For more than half a century before the Act of 1855, re-enacted in General Statutes, § 751, the statutes of the United States had provided that questions occurring in any case before a Circuit Court of the United States, when held by two judges, upon which their opinions were opposed, might be certified to the Supreme Court of the United States for its final decision, without, however, preventing proceeding in the cause in the Circuit Court, if this could be done without prejudice to the merits. In 1872, on account of the press of business in the Supreme Court, this mode of proceeding was confined to criminal cases; continuing as to them until the establishment of the Circuit Court of Appeals in 1891. See 2 U.S. Stat. at Large, 159; Rev. Stat., §§ 650-652. Jurisdiction to decide points so certified was never declined by the Supreme Court of the United States because they might not be decisive of the cause. "Certificates of division" were passed upon, for instance, when the question was as to whether some out of a greater number of grounds of demurrer (the others not having been passed upon by the Circuit Court) were well taken (United States v. Waddell, 112 U.S. 76,5 Sup. Ct. Rep. 35); and when it was one occurring on a motion for a temporary injunction, but going to the merits of the case. United States v. Chicago, 7 How. (U.S.) 185, 191. If a cause, in the course of proceedings in which a question had been certified up and decided, at a later stage passed into judgment and exceptions were taken to the judgment for causes unconnected with the question certified, *Page 82 
a writ of error lay upon them. Daniels v. RailroadCo., 3 Wall. (U.S.) 250, 255.

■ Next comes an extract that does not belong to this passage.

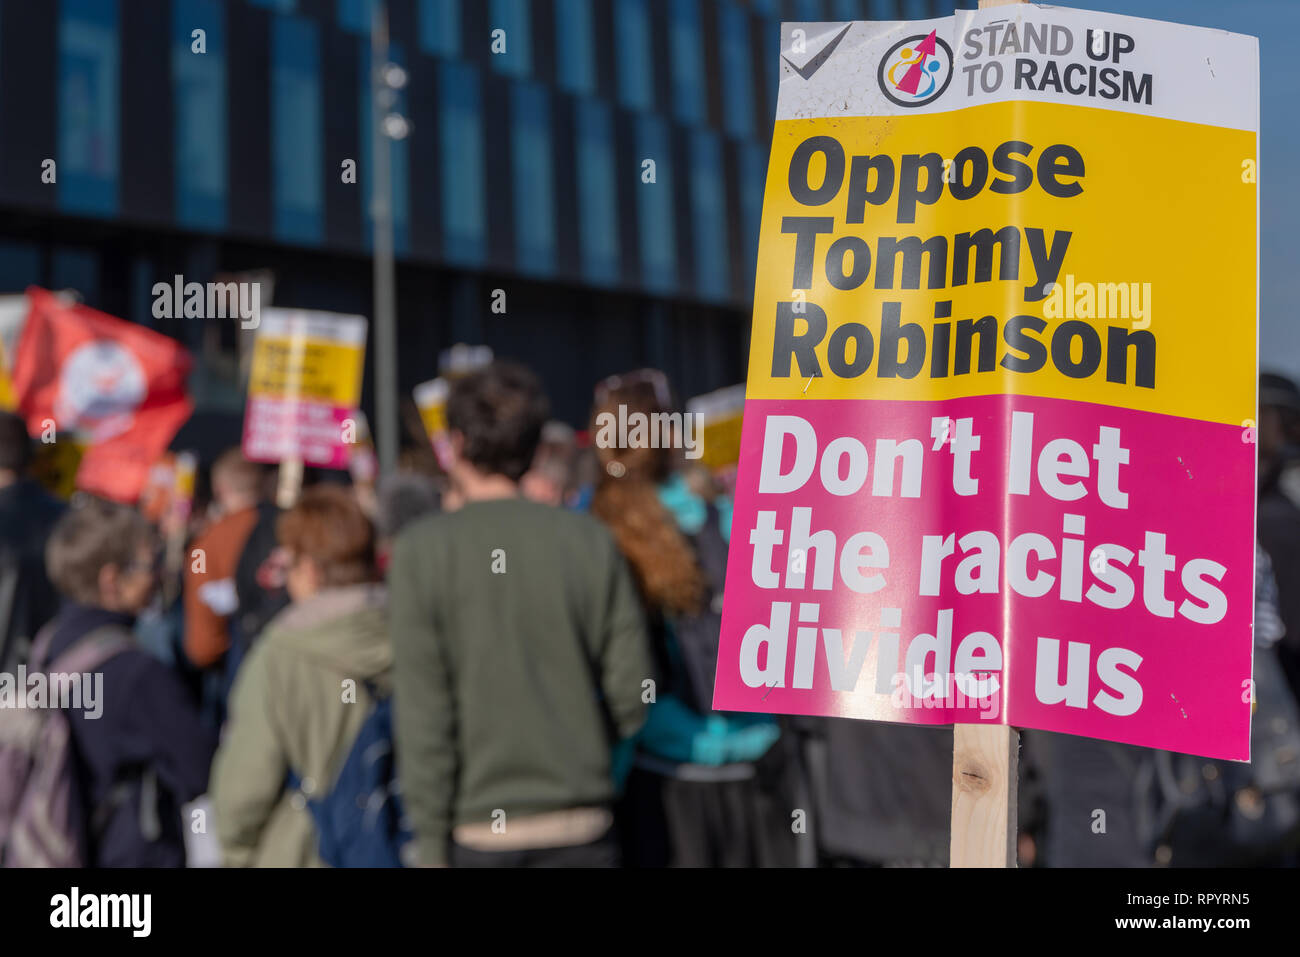 Salford, Greater Manchester, UK. 23rd February, 2019. Anti-fascist protestors are holding a counter rally at MediaCity in Salford against plans by the former leader of the English Defence League to demonstrate against the BBC. Credit: Alvaro Velazquez Gardeta/Alamy Live News Stock Photo

The practice under this legislation of the United States was familiar to the bar of Connecticut, by one of whom the Act of 1855 must have been drafted, when that Act was passed. Our own practice since this court assumed a strictly judicial character in 1807 was still more familiar, and that has now been maintained for a full century, with no other interruption than that furnished by our action in the case of New York, H.  N. R. Co. v. Boston, H.  E.R. Co., 36 Conn. 196, and the few recent rulings to which reference has been made, none of which were accompanied or followed by any statement of the reasons for making them.

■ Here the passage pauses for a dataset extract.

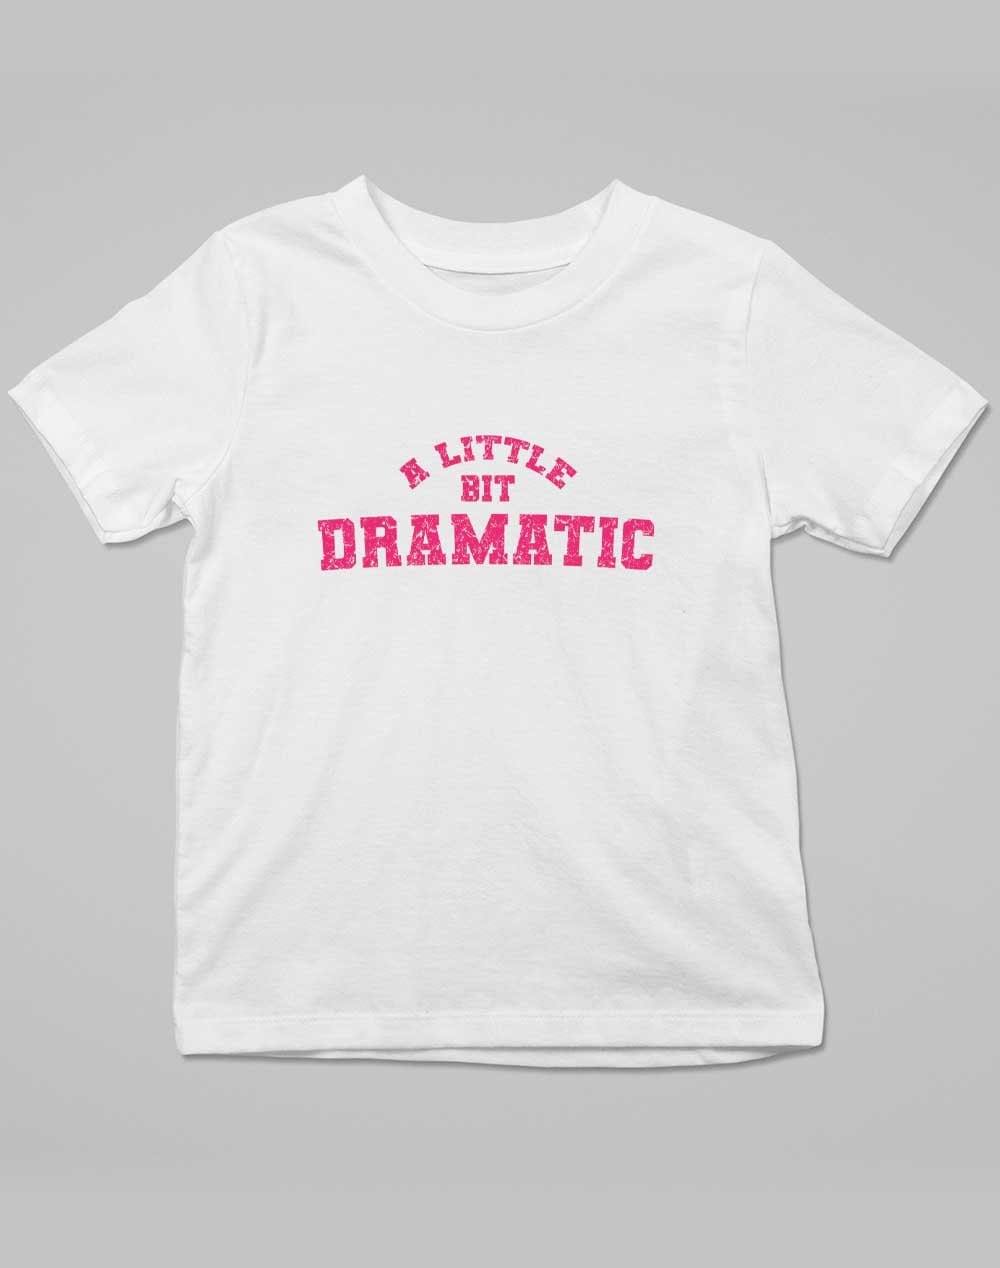 A Little Bit Dramatic Distressed Kids T-Shirt 3-4 years / White  - Off World Tees

In my judgment, when a point of law is sent up by a reservation for our advice at the request of all the parties to the cause, and with the approval of the trial court, it is as much our duty to decide it as if it were presented on an appeal. The remedy is a cheap and speedy one. It avoids the rendition of many judgments, which would be liable to reversal. It is no doubt possible that questions so reserved may be trivial, or such as ultimately prove to be immaterial to the final disposition of the case; but if it be desirable to change our practice so as to avoid the necessity of answering them, such a change, in my opinion, should come only from the General Assembly.